For PLT activation, a 10% solution of CaCl2 (Sigma) in a 50 μl/ml proportion was added to PRP immediately before use. Two millilitres of PRP were soaked into the scaffold.

Aliquots of plasma and PRP were dispensed in Eppendorf tubes for storage at -70°C. Plasma, PRP and PRP after activation with CaCl2 were assayed for Transforming Growth Factor β1 (TGF-β1, ELISA immunoassay, R&D Systems, MN, USA), Platelet Derived Growth Factor AB (PDGF-AB, ELISA immunoassay, R&D Systems, MN, USA), and Interleukin 1 (IL-1, ELISA immunoassay, R&D Systems, MN, USA).

Surgical procedure

Surgery was conducted under general anaesthesia following a standardised protocol: pre-medication with 10 mg/kg ketamine i.m. (Ketavet 100, Farmaceutici Gellini S.p.A., Aprilia, Latina, Italy), 0.3 mg/kg xylazine i.m. (Rompun Bayer AG, Leverkusen, Germany) and 0.0125 mg/kg atropine sulphate s.c.; induction with 6 mg/kg sodium thiopentone i.v. (2.5%); and maintenance with O2, NO2 and 2-3% fluothane (Halothan, Hoechst AG, Germany) under assisted ventilation (Servo Ventilator 900 D, Siemens, Germany).

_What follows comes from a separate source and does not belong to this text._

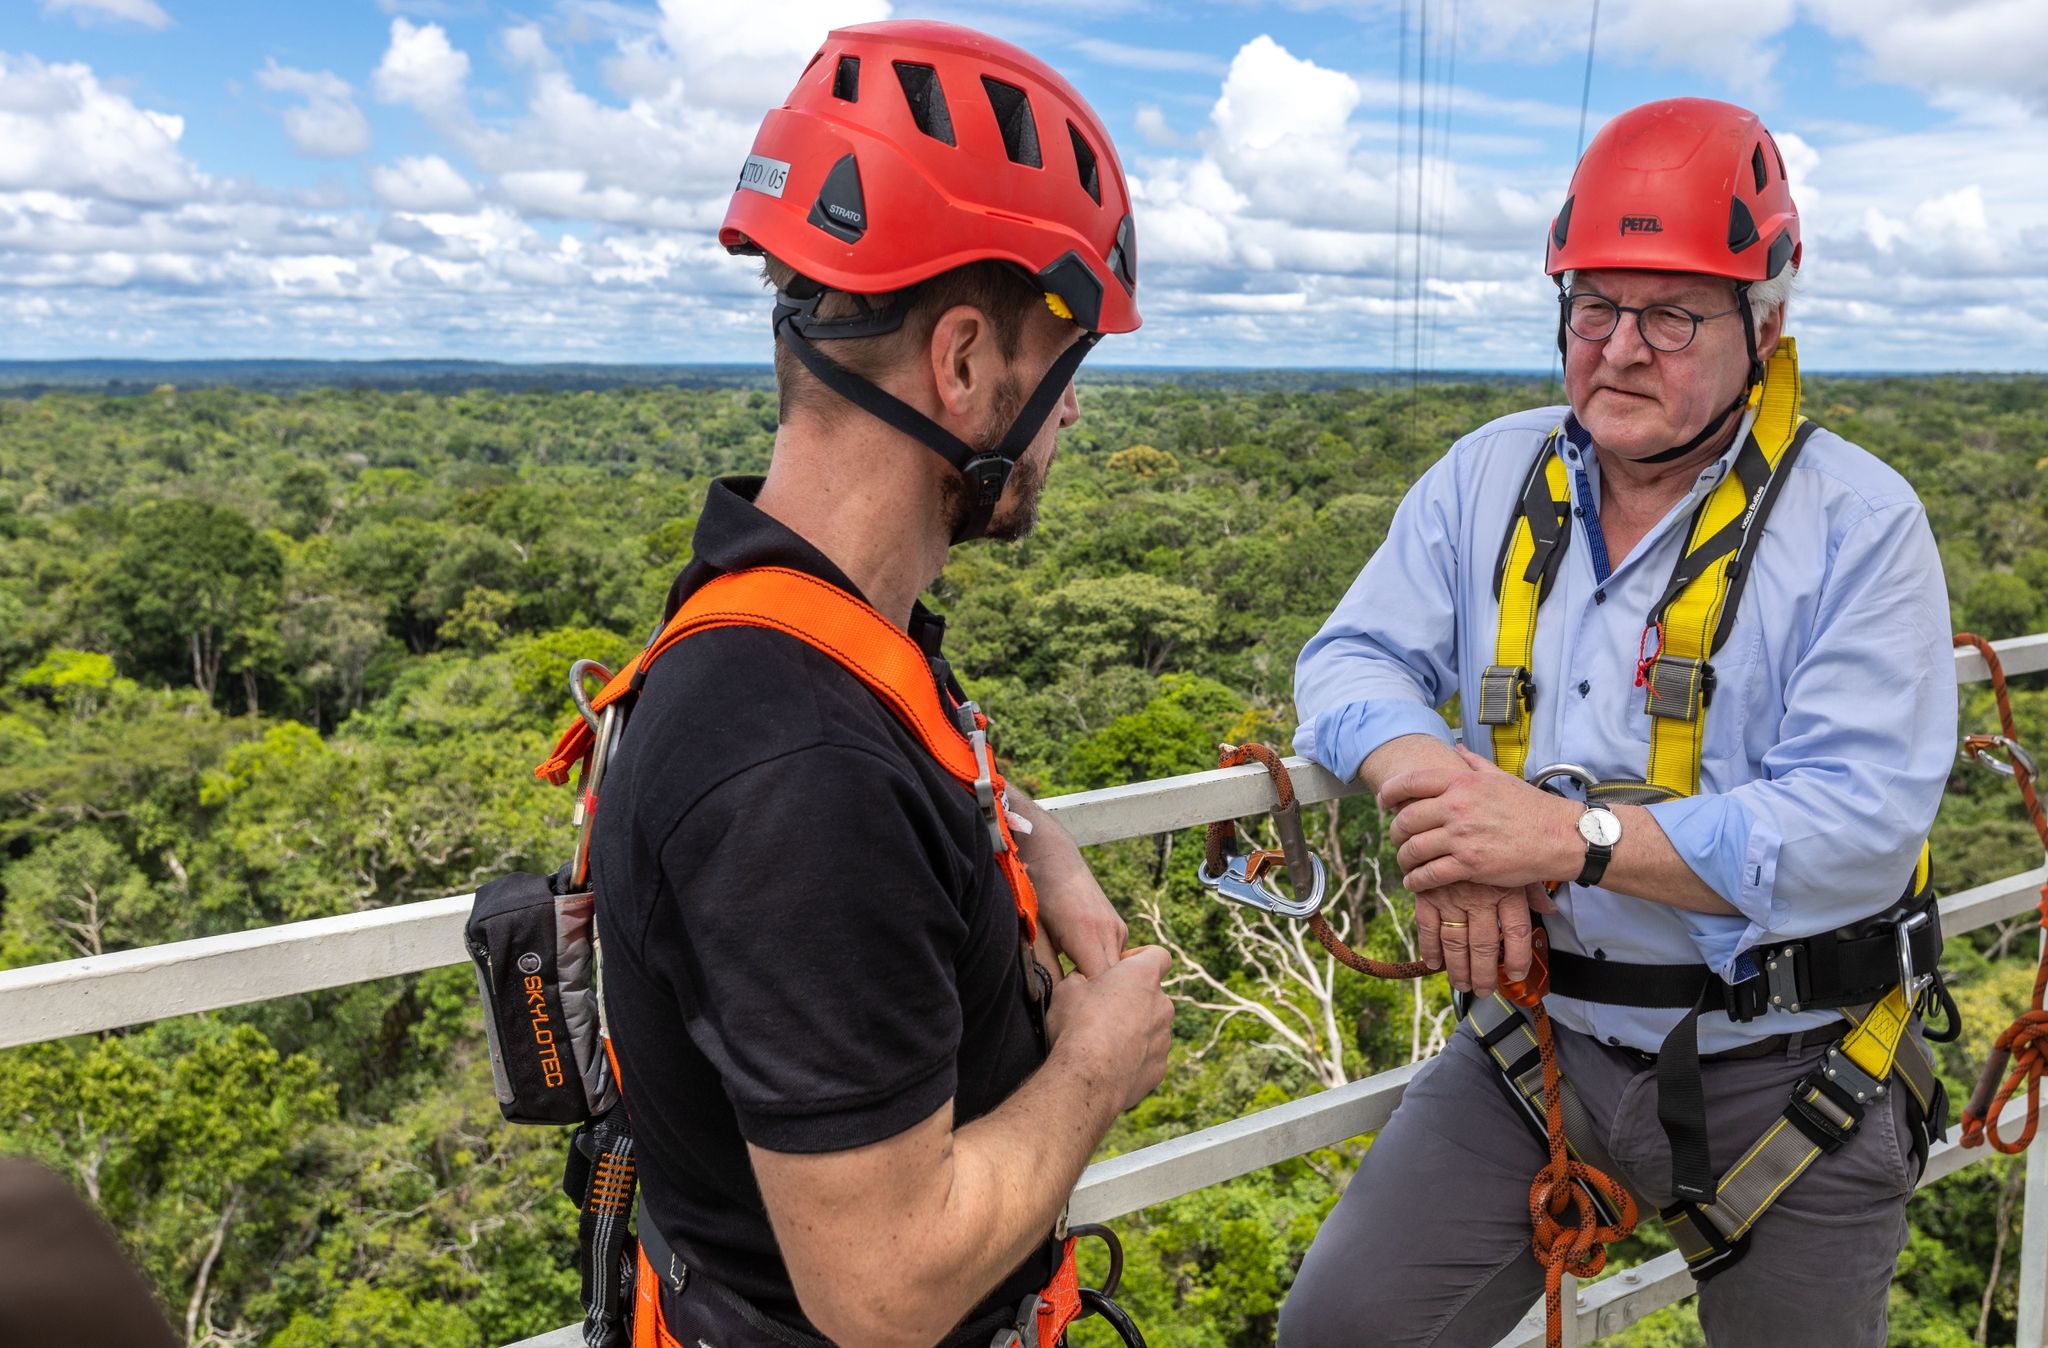 Bundespräsident Frank-Walter Steinmeier mit Stefan Wolff, Repräsentant des ATTO-Projekts vom Max-Planck-Institut, auf einer Plattform des Amazon Tall Tower Observatory (ATTO).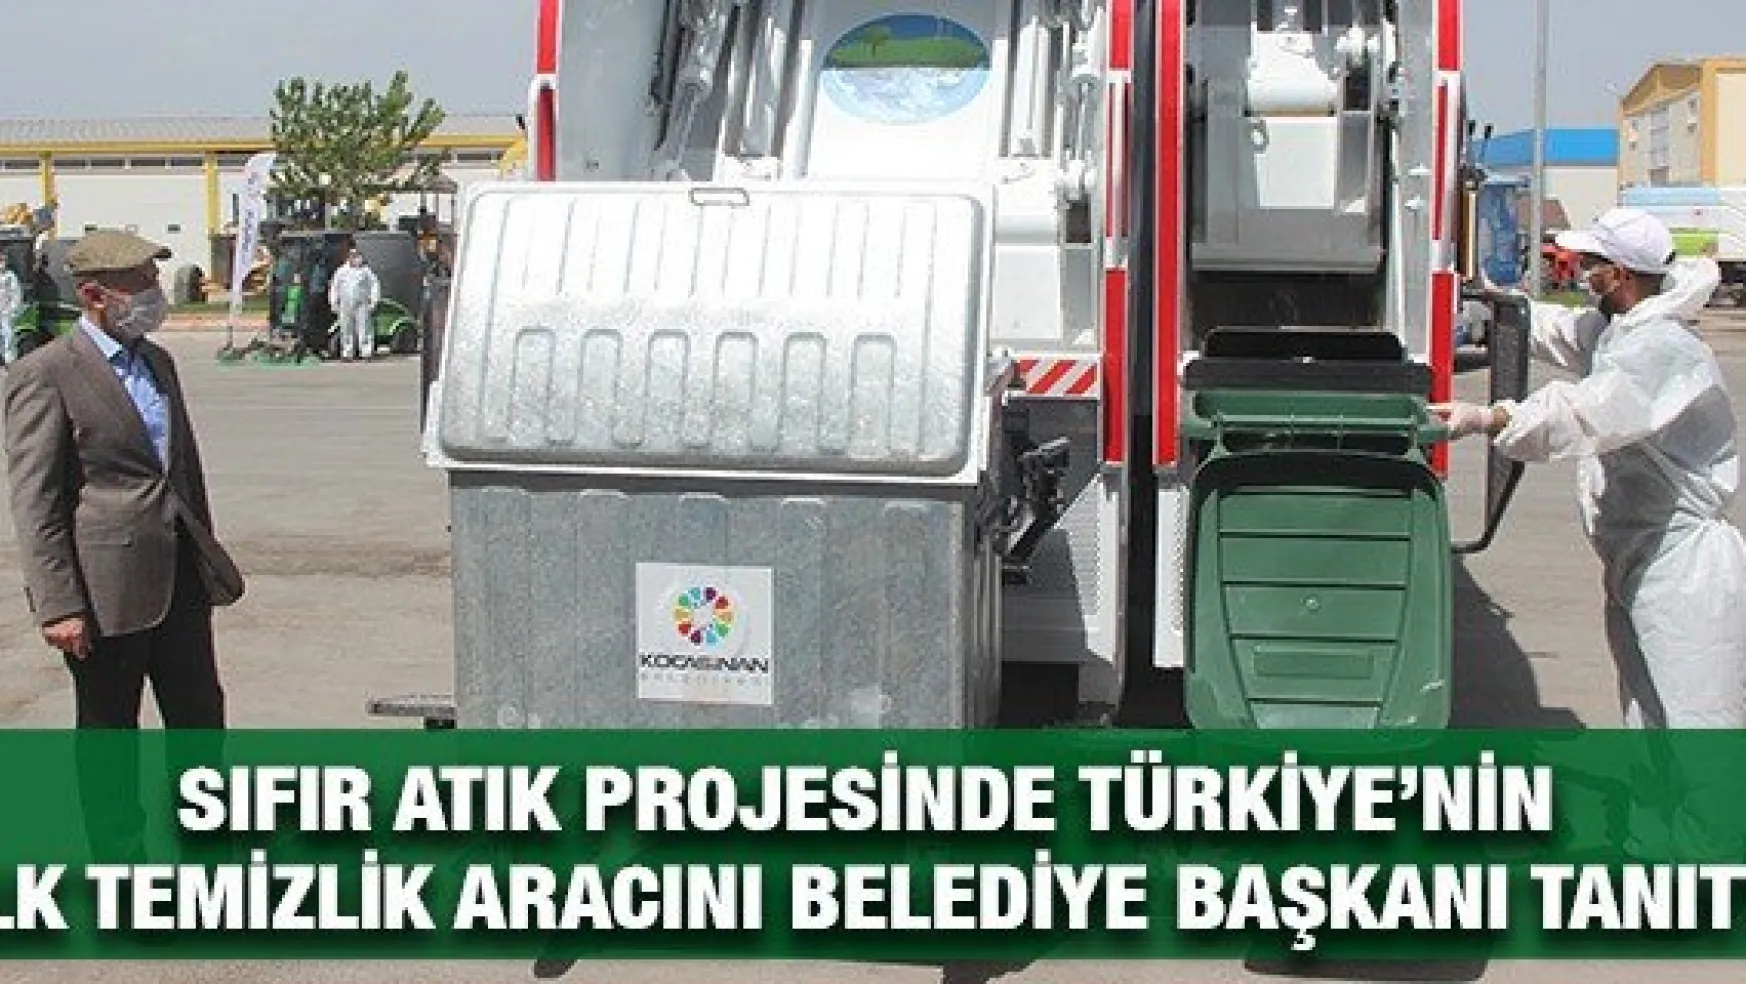 Sıfır Atık Projesinde Türkiye'nin ilk temizlik aracını Belediye Başkanı tanıttı

After medial arthrotomy, a parapatellar approach to the lateral and medial condyles was performed, and the condyle was exposed with the animals in dorsal recumbence and the surgery limb in a supine and maximally bent position. Then, an osteochondral lesion was made on the medial and lateral femoral condyles. A specifically designed drill was used to create a 7-mm diameter and 9-mm thick defect in the weight-bearing area of both condyles. Grafts were implanted following the press-fit technique. A total of sixteen osteochondral grafts were implanted: 8 osteochondral grafts were soaked with PRP at least 5 min before implantation. Eight lesions were left untreated and used as controls.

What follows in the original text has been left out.